ON THE CONVERGENCE OF A HYPERBOLOID APPROXIMATION PROCEDURE FOR THE PERTURBED EUCLIDEAN MULTIFACILITY LOCATION PROBLEM
成果类型:
Article
署名作者:
ROSEN, JB; XUE, GL
署名单位:
University of Vermont
刊物名称:
OPERATIONS RESEARCH
ISSN/ISSBN:
0030-364X
DOI:
10.1287/opre.41.6.1164
发表日期:
1993
页码:
1164-1171
关键词:
摘要:
For the Euclidean single facility location problem, E. Weiszfeld proposed a simple closed-form iterative algorithm in 1937. Later, numerous authors proved that it is a convergent descent algorithm.
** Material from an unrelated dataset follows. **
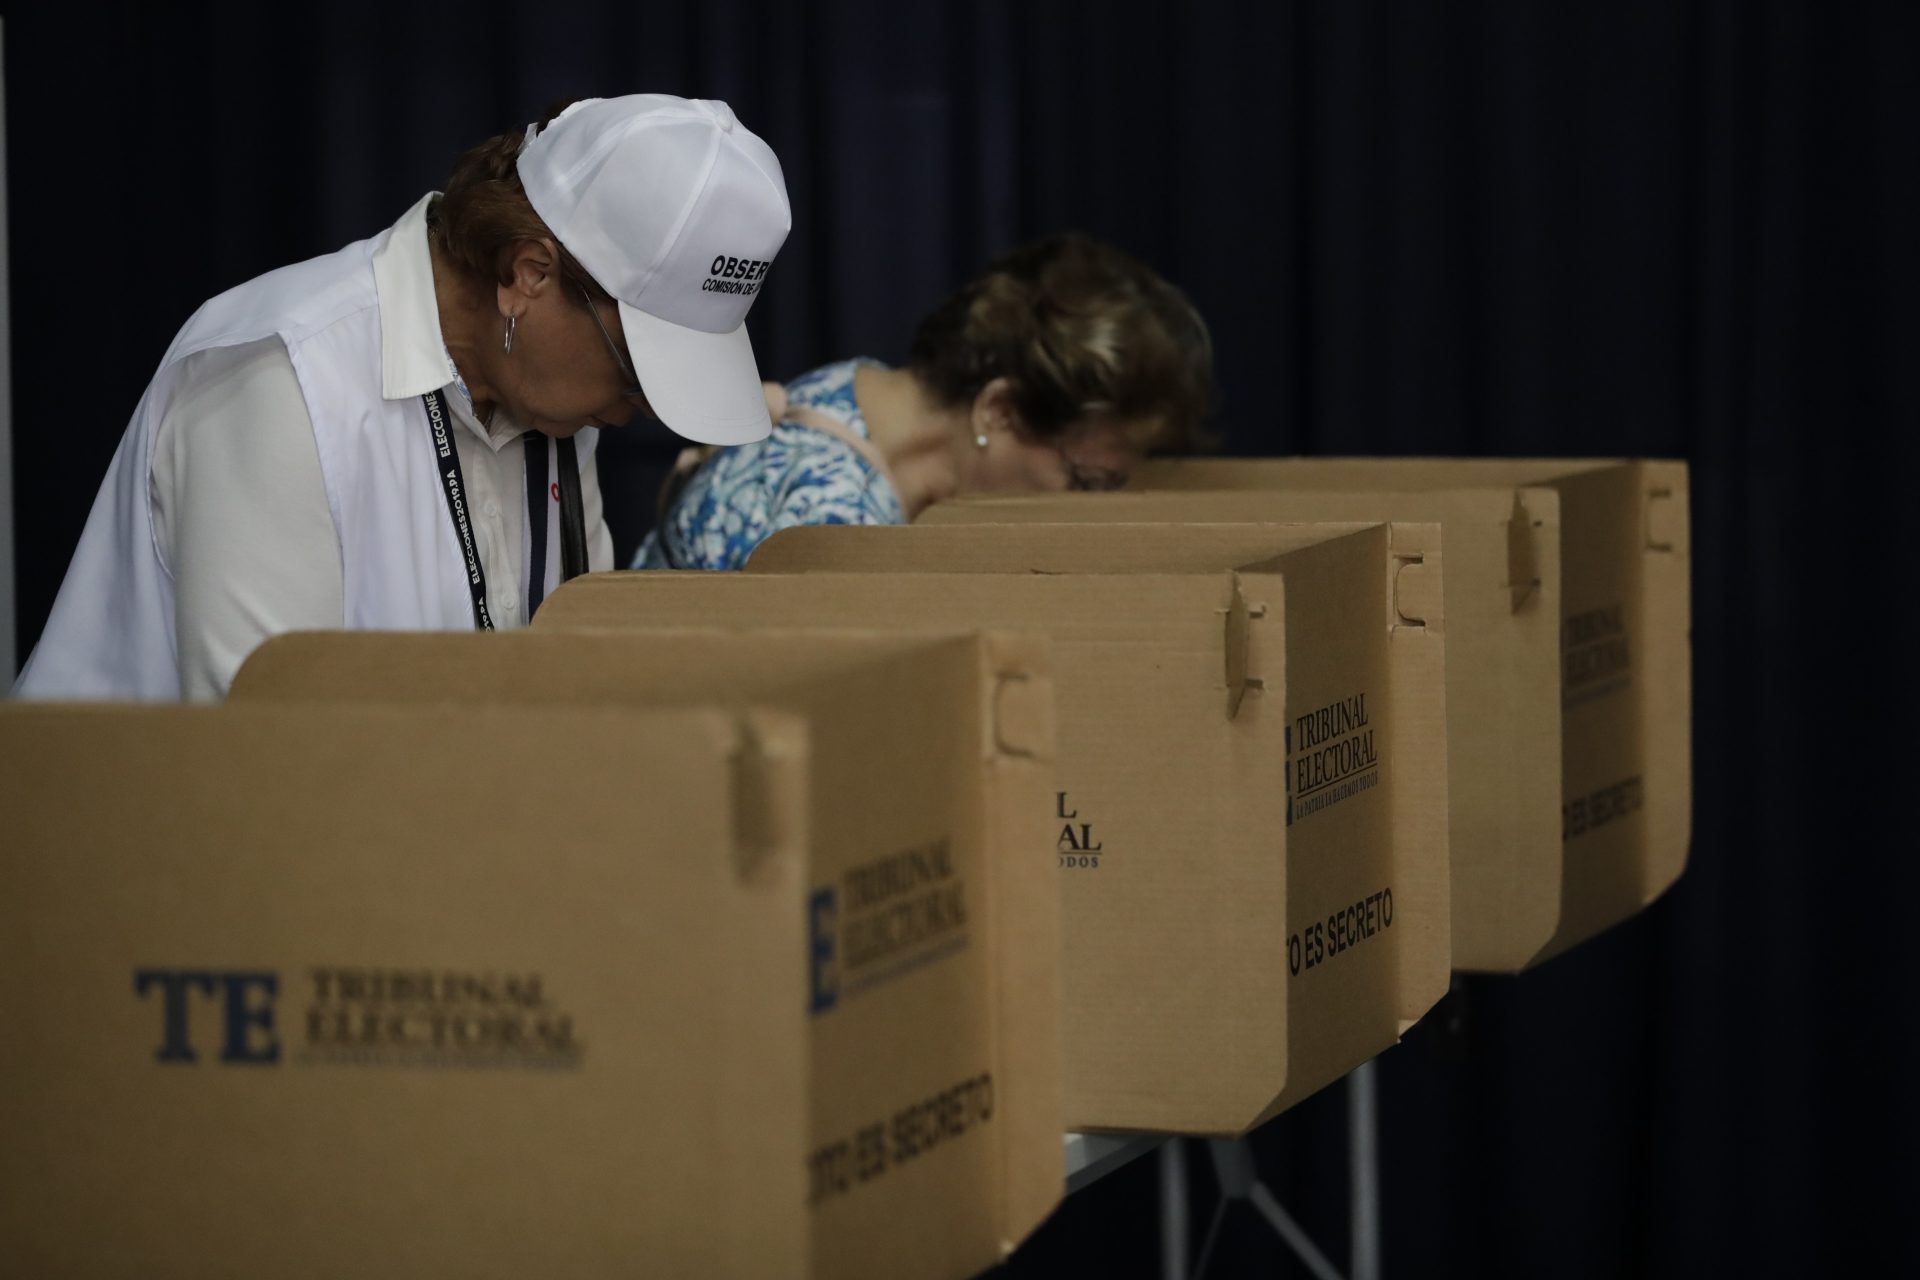 Personas votan durante una jornada electoral en Ciudad de Panamá (Panamá), en una fotografía de archivo. EFE/Bienvenido Velasco

In 1973, J. Eyster, J. White and W. Wierwille extended Weiszfeld's idea and proposed a Hyperboloid Approximation Procedure (HAP) for solving the Euclidean multifacility location problem. They believed, based on considerable computational experience, that the HAP always converges. In 1977, Ostresh proved that the HAP is a descent algorithm under certain conditions. In 1981, Morris proved that a variant of the HAP always converges. However, no convergence proof for the original HAP has ever been given. In this paper, we prove that the HAP is a descent algorithm and that it always converges to the minimizer of the objective function from any initial point.